**What is expected:**
In the material below, print every line exactly and omit the pictures.

**Supplied information:**
============================================================
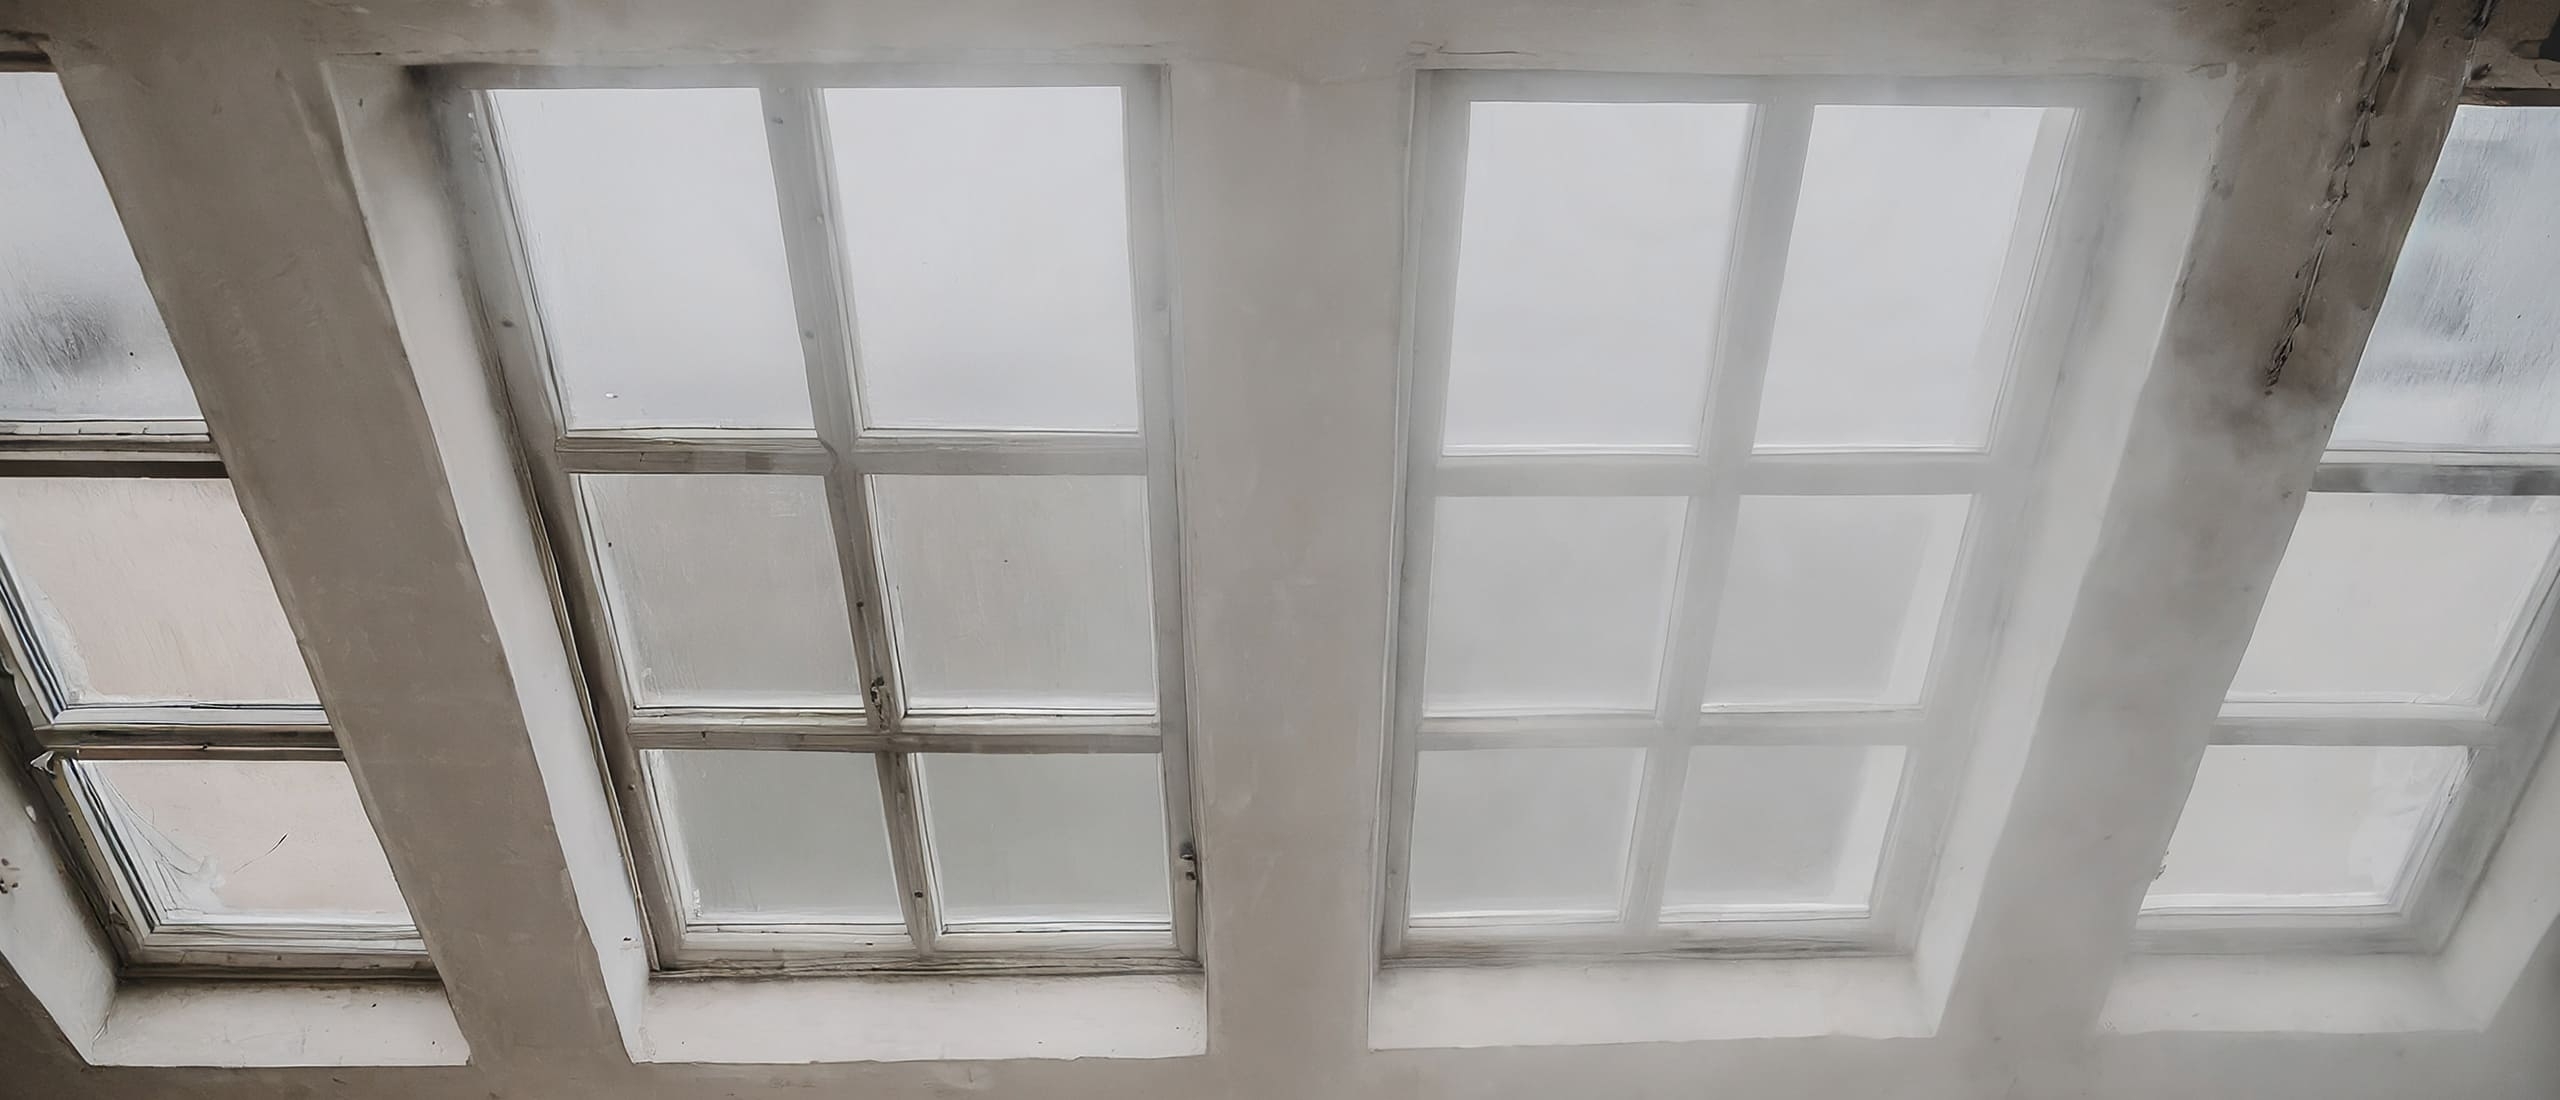 De ramen beslaan aan de binnenkant van het huis
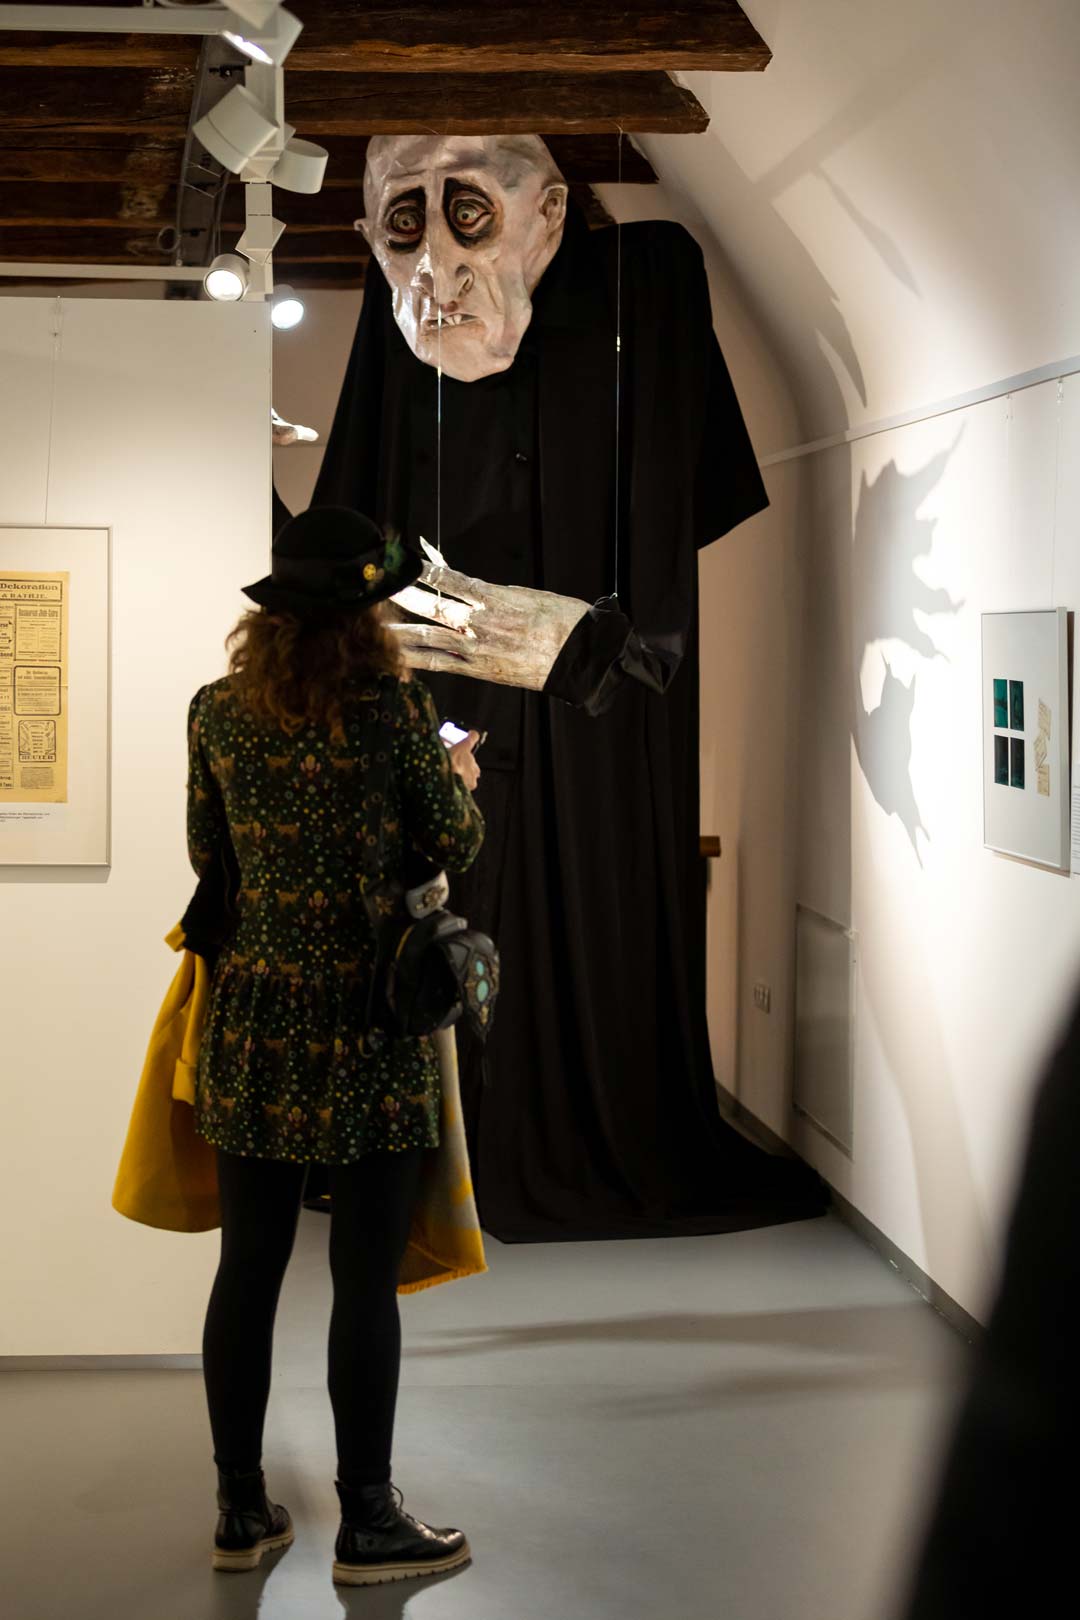 Zu sehen ist eine große Figur im Horrostil die in einem Museum ausgestellt wird
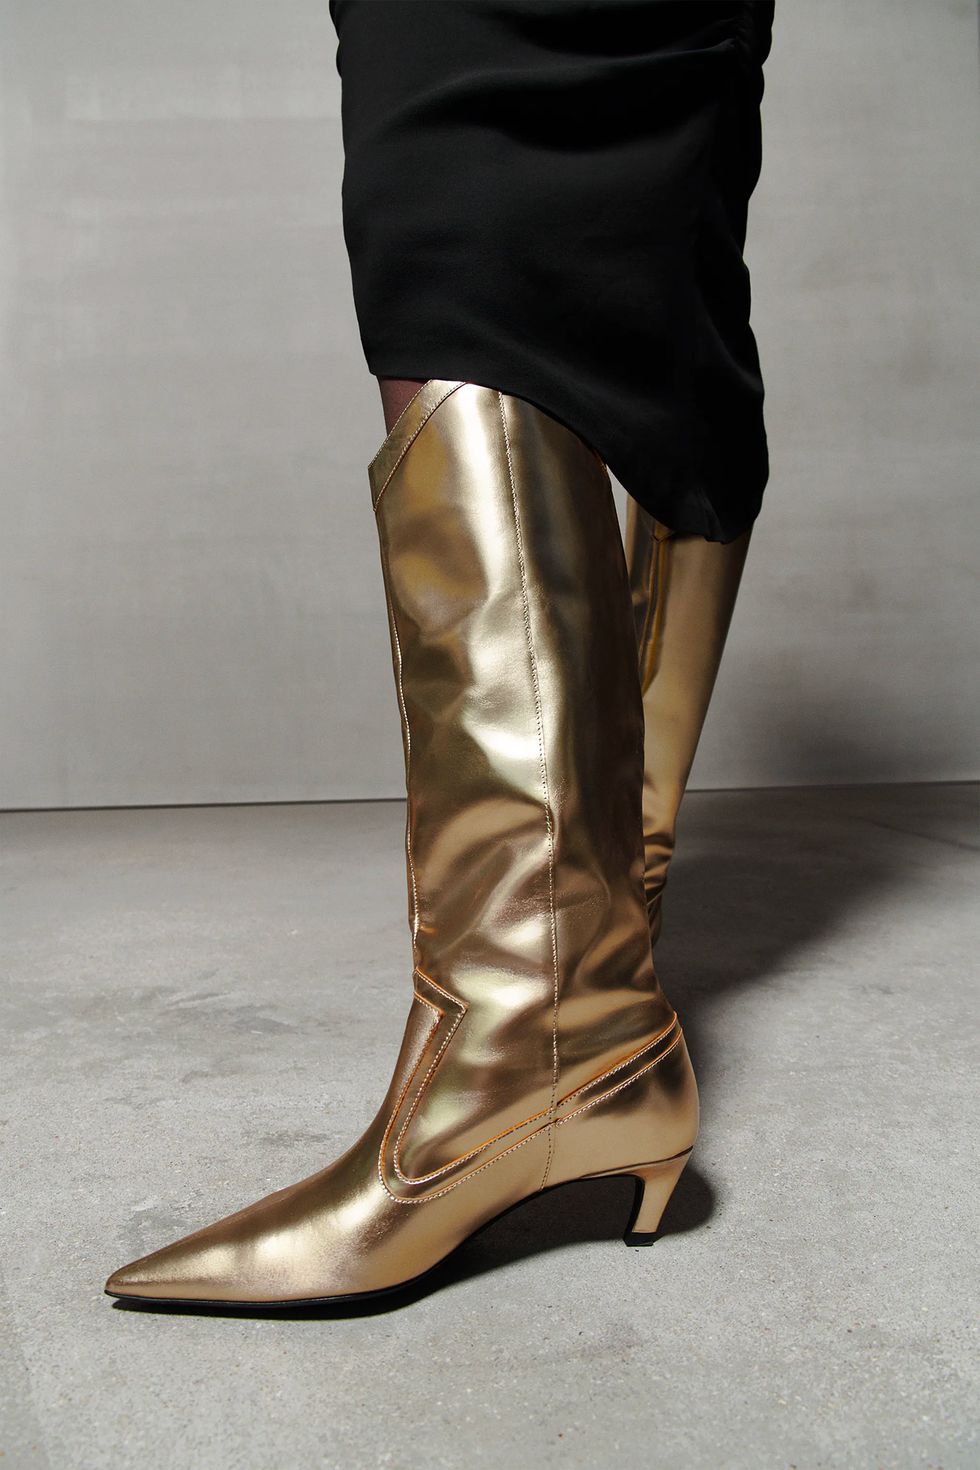 Zara saca sus famosas botas doradas esta vez con tacón sensato
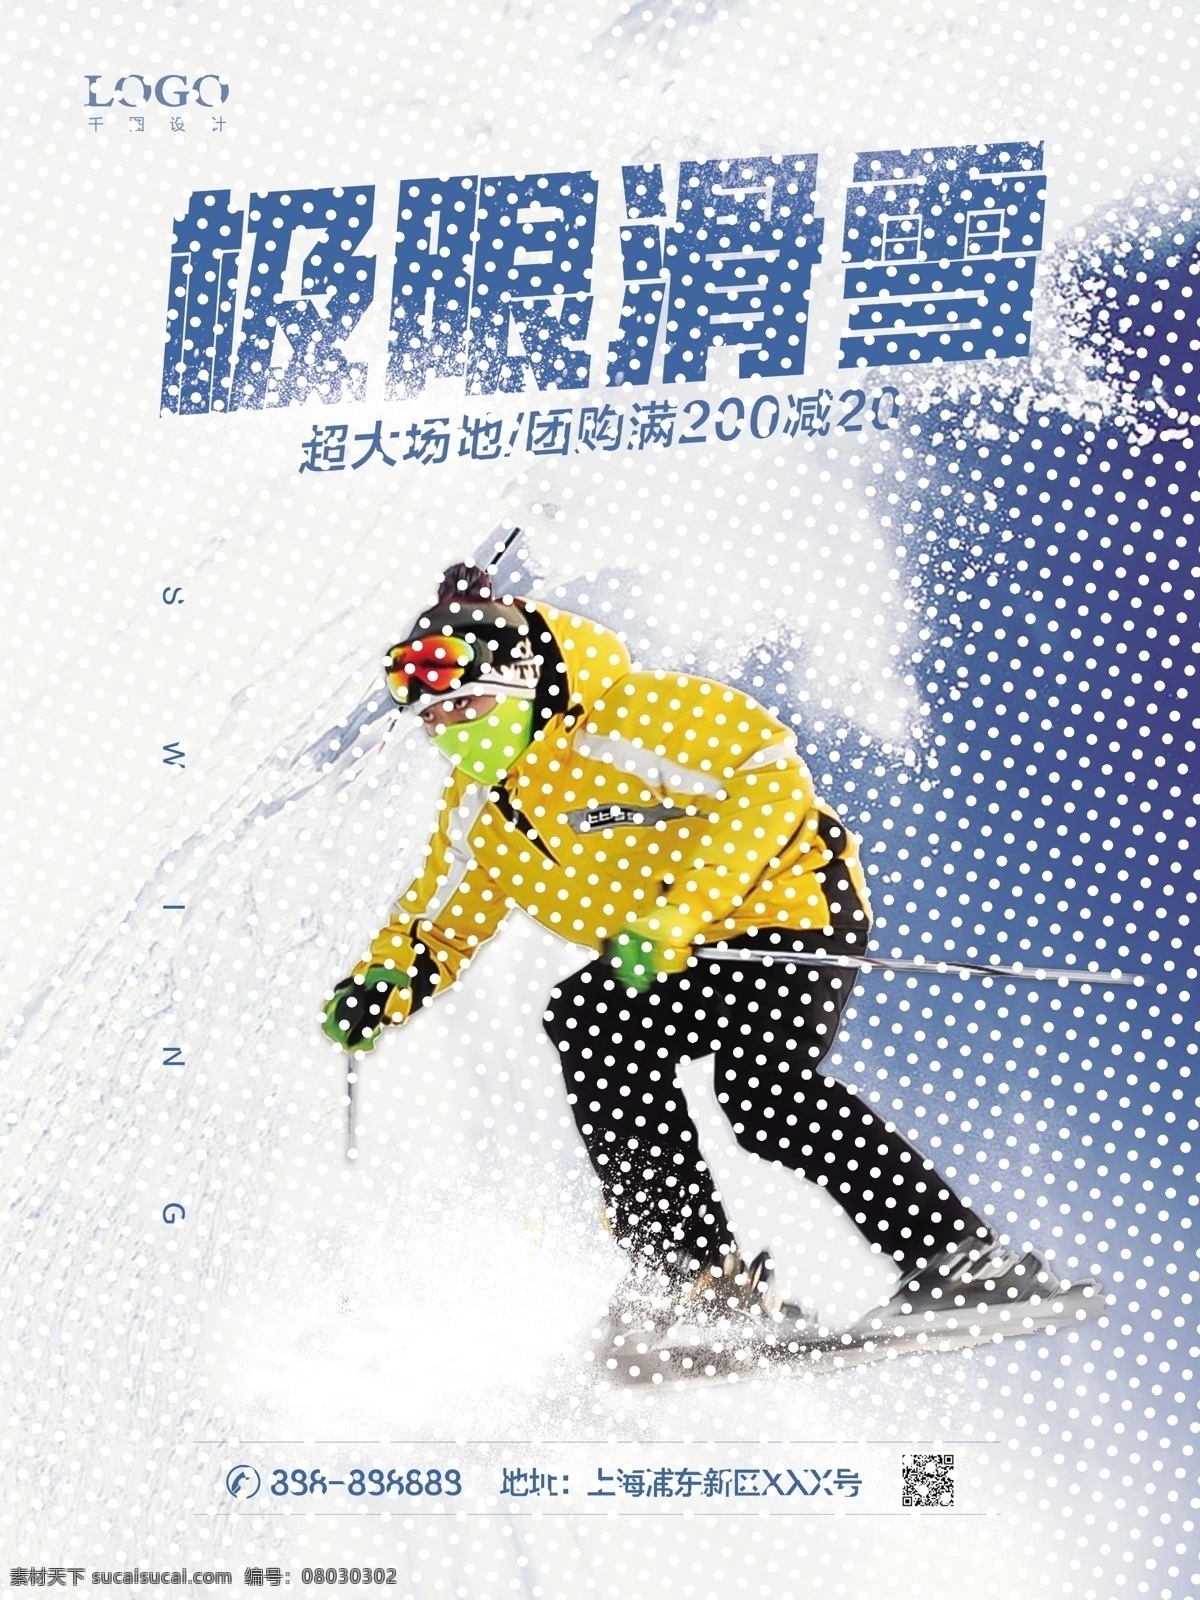 冬季 极限 滑雪 风暴 优惠 促销 旅游 户外运动 海报 简约 极限滑雪 下雪 白色 雪地 场地 滑雪板 滑雪装备 团购
============================================================
**Task result:**
 De ramen beslaan aan de binnenkant van het huis
 Zu sehen ist eine große Figur im Horrostil die in einem Museum ausgestellt wird
 Zara saca sus famosas botas doradas esta vez con tacón sensato
 冬季 极限 滑雪 风暴 优惠 促销 旅游 户外运动 海报 简约 极限滑雪 下雪 白色 雪地 场地 滑雪板 滑雪装备 团购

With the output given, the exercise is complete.